Hannover – Die Feststellung des EU-Programms „Copernicus“, dass der zu Ende gegangene Januar der bislang wärmste seit Beginn der Klimaaufzeichnungen war, hat beim NABU Niedersachsen, der mit rund 133.000 Mitgliedern größter Naturschutzverband des Landes, große Besorgnis ausgelöst: Der Landesvorsitzende des NABU Niedersachsen Dr. Holger Buschmann betont, dass „sich die verheerende Zuspitzung der Situation, was den menschengemachten Klimawandel betrifft, immer weiter zu beschleunigen scheint. Wir liegen bereits deutlich über den im Pariser Klimaschutzabkommen als Ziel festgelegten 1,5 Grad Zunahme bis zum Ende des Jahrhunderts, und es ist zu befürchten, dass die Kurve an einen Kipppunkt gelangt, an dem ihre Beschleunigung nicht mehr aufhaltbar ist!“
Er führt aus: „Leidtragende werden die Menschen sein, auf vielerlei Art und Weise: In immer heißeren, trockeneren Sommern werden viele Menschen gesundheitliche Probleme bekommen, Städte werden zu unerträglichen Backöfen und Wasser wird im Sommer knapper werden. Lange Trockenperioden, Wassermangel, Starkregenereignisse und hohe Feuchtigkeit im Winter werden der Landwirtschaft große Schwierigkeiten bereiten. Dies wird auch auf die Forstwirtschaft und die Fischerei durchschlagen – insofern hat der Klimawandel große gesundheitliche wie wirtschaftliche Auswirkungen und ist bereits greifbar, auch, was Naturkatastrophen betrifft.“
Selbst für Laien ersichtlich – die Folgen der Klimaerwärmung zeigen sich schon heute
Viel zu wenig werde zudem auf die zu befürchtenden Folgen, insbesondere auf fragile und für die Biodiversität wertvolle Ökosysteme geachtet. Dabei zeigten sich solche bereits heute: „Wälder stehen unter Dauerstress durch Trockenheit und Hitze. Selbst Heidelandschaften stehen vor dem Verdorren. Feuchtgebiete und Moore mangelt es im Sommer an Wasser und Gewässer – nicht nur kleine – trocknen aus“, so der NABU-Landesvorsitzende. Giftige Blaualgenblüten, ein erhitztes Wattenmeer und weitere Einflüsse auf komplexe Lebensräume seien längst traurige Realität.

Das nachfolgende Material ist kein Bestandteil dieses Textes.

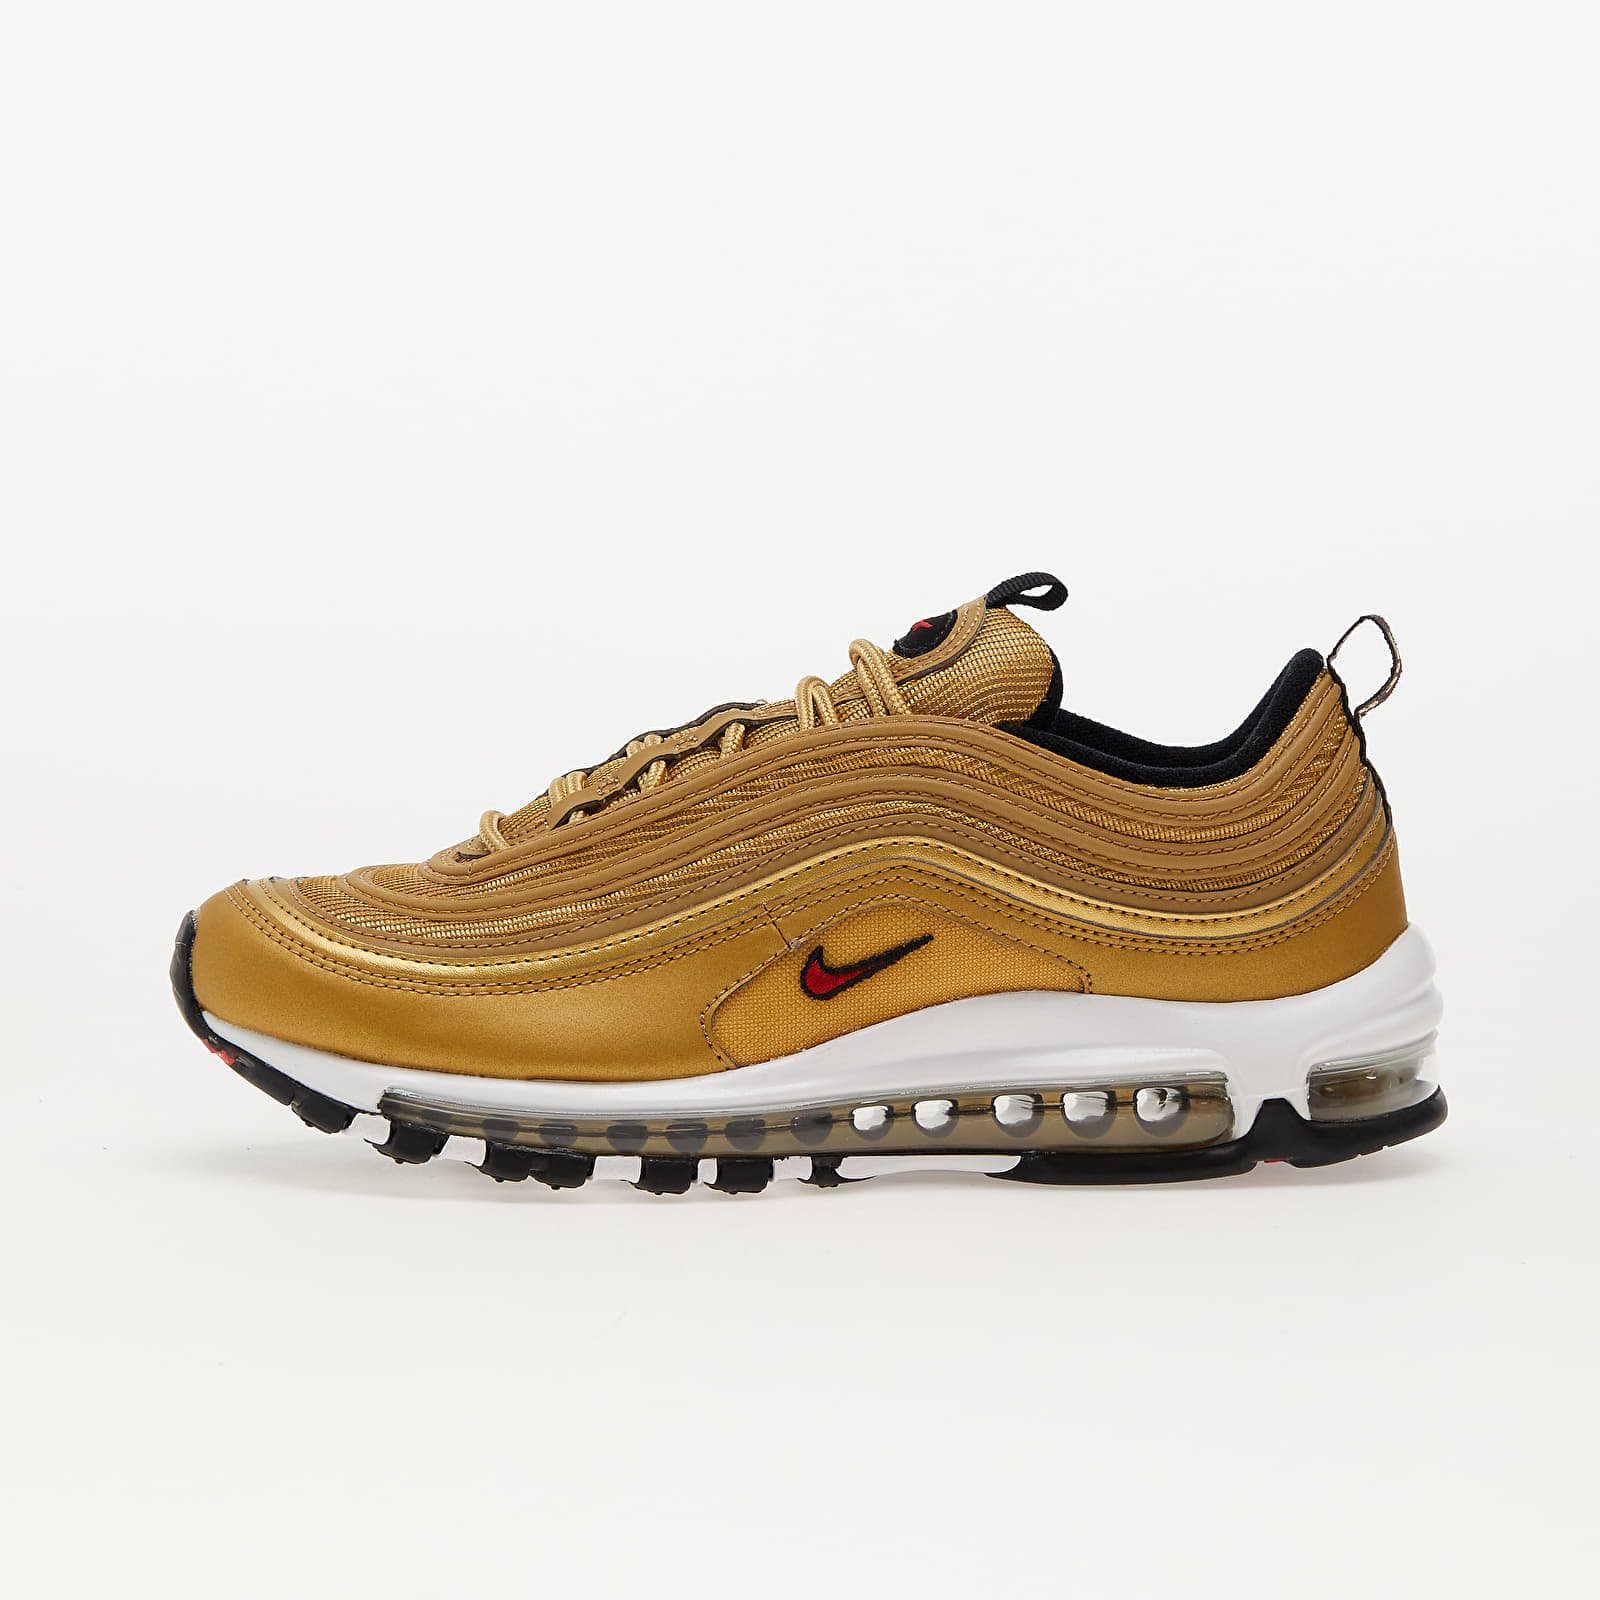 Men's sneakers and shoes Nike Air Max 97 OG Metallic Gold/ Varsity Red-Black-White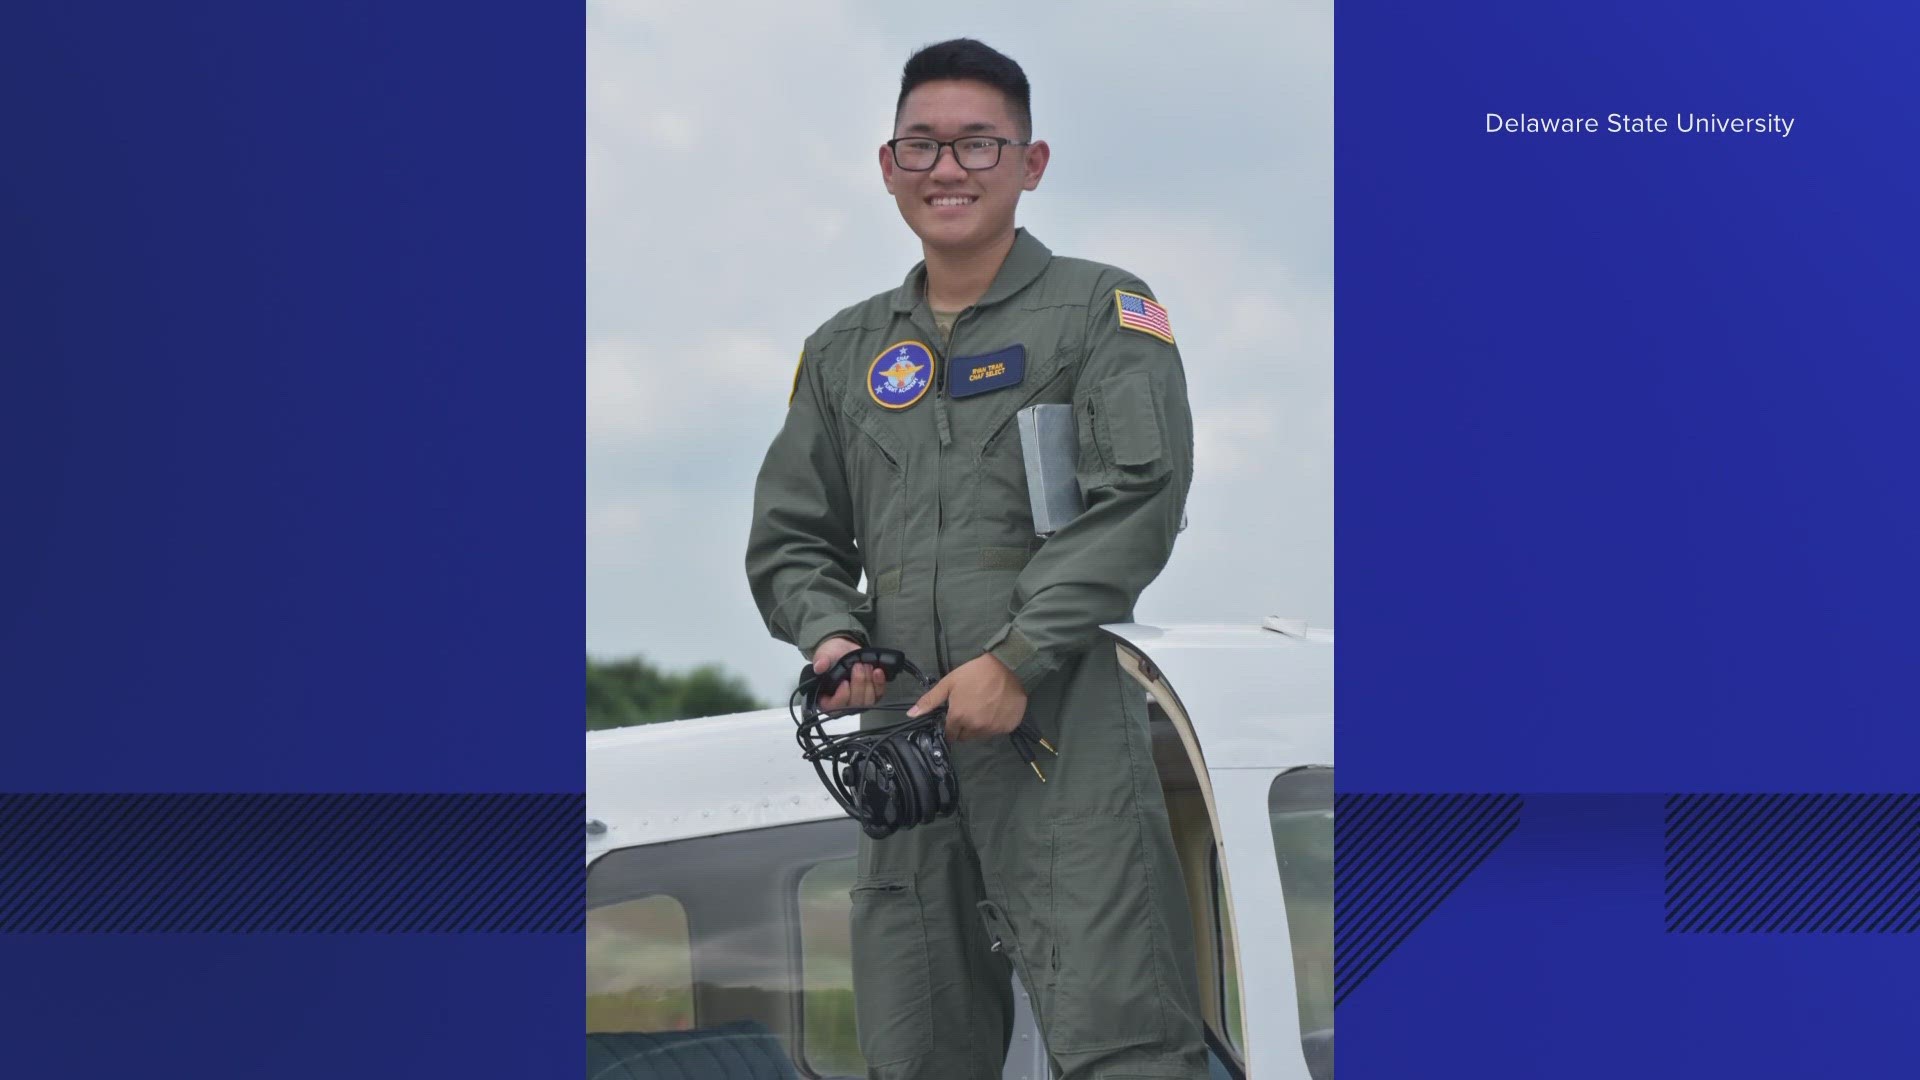 Ryan Tran was one of 28 high school juniors and seniors from across the country taking part in the training.

„Wir werden immer weitere Verschiebungen in der Tier- und Pflanzenwelt, auch zwischen Küste und Harz, erleben“, betont der Biologe: „Das ist heute sogar für Laien erkennbar: Viele Menschen berichten uns vom Fernbleiben der ‚Schmetterlinge ihrer Kindheit‘: So hat beispielsweise der einst besonders häufige Kleine Fuchs unsere Bereiche zugunsten nordischer Regionen weitgehend verlassen. Der Kuckuck hat große Probleme, für Nachwuchs zu sorgen, weil seine Wirtsvögel früher brüten und er dadurch immer seltener zur Eiablage kommt. Im gesamten Gefüge des Vogelzugs wird es Verschiebungen geben, zwar auch für uns neue Arten nach Niedersachsen bringen, aber dennoch das große Mobile des Lebens ins Wanken bringen, etwa durch frühere Entwicklungszyklen bei manchen Insektenarten, die wiederum Nahrung für Vögel sind.“ Die Wissenschaft stehe in diesem Bereich zwar noch am Anfang, „die ersten Folgen sind jedoch bereits greifbar“, mahnt Dr. Holger Buschmann.
„Wir müssen begreifen, dass Klimaschutz eine Querschnittsaufgabe ist.“
Aus Sicht des NABU Niedersachsen müsse die Politik noch viel beherzter Klimaschutz betreiben: „Denn es stellen sich – dass kann mit allem Nachdruck festgestellt werden – die Überlebensfrage, auch für uns, und die Frage nach der Bewahrung von Lebensqualität der heutigen wie künftigen Generationen. Wir müssen begreifen, dass Klimaschutz eine Querschnittsaufgabe ist. Dazu zählen eine Reduzierung von Treibhausgasen ohne Ausreden und Hinhaltetaktiken, ein Umbau des Verkehrssektors hin zu mehr Öffentlichem Personen- und Nahverkehr, ein konsequenter Moorschutz, eine naturnähere Waldwirtschaft, ein sorgsamerer Umgang mit dem unvermehrbaren Gut Boden – auch durch einen Verzicht auf immer neue Flächenversiegelungen – sowie eine Durchgrünung von Siedlungsraum und Gewerbeflächen“, fordert der Landesvorsitzende des NABU Niedersachsen.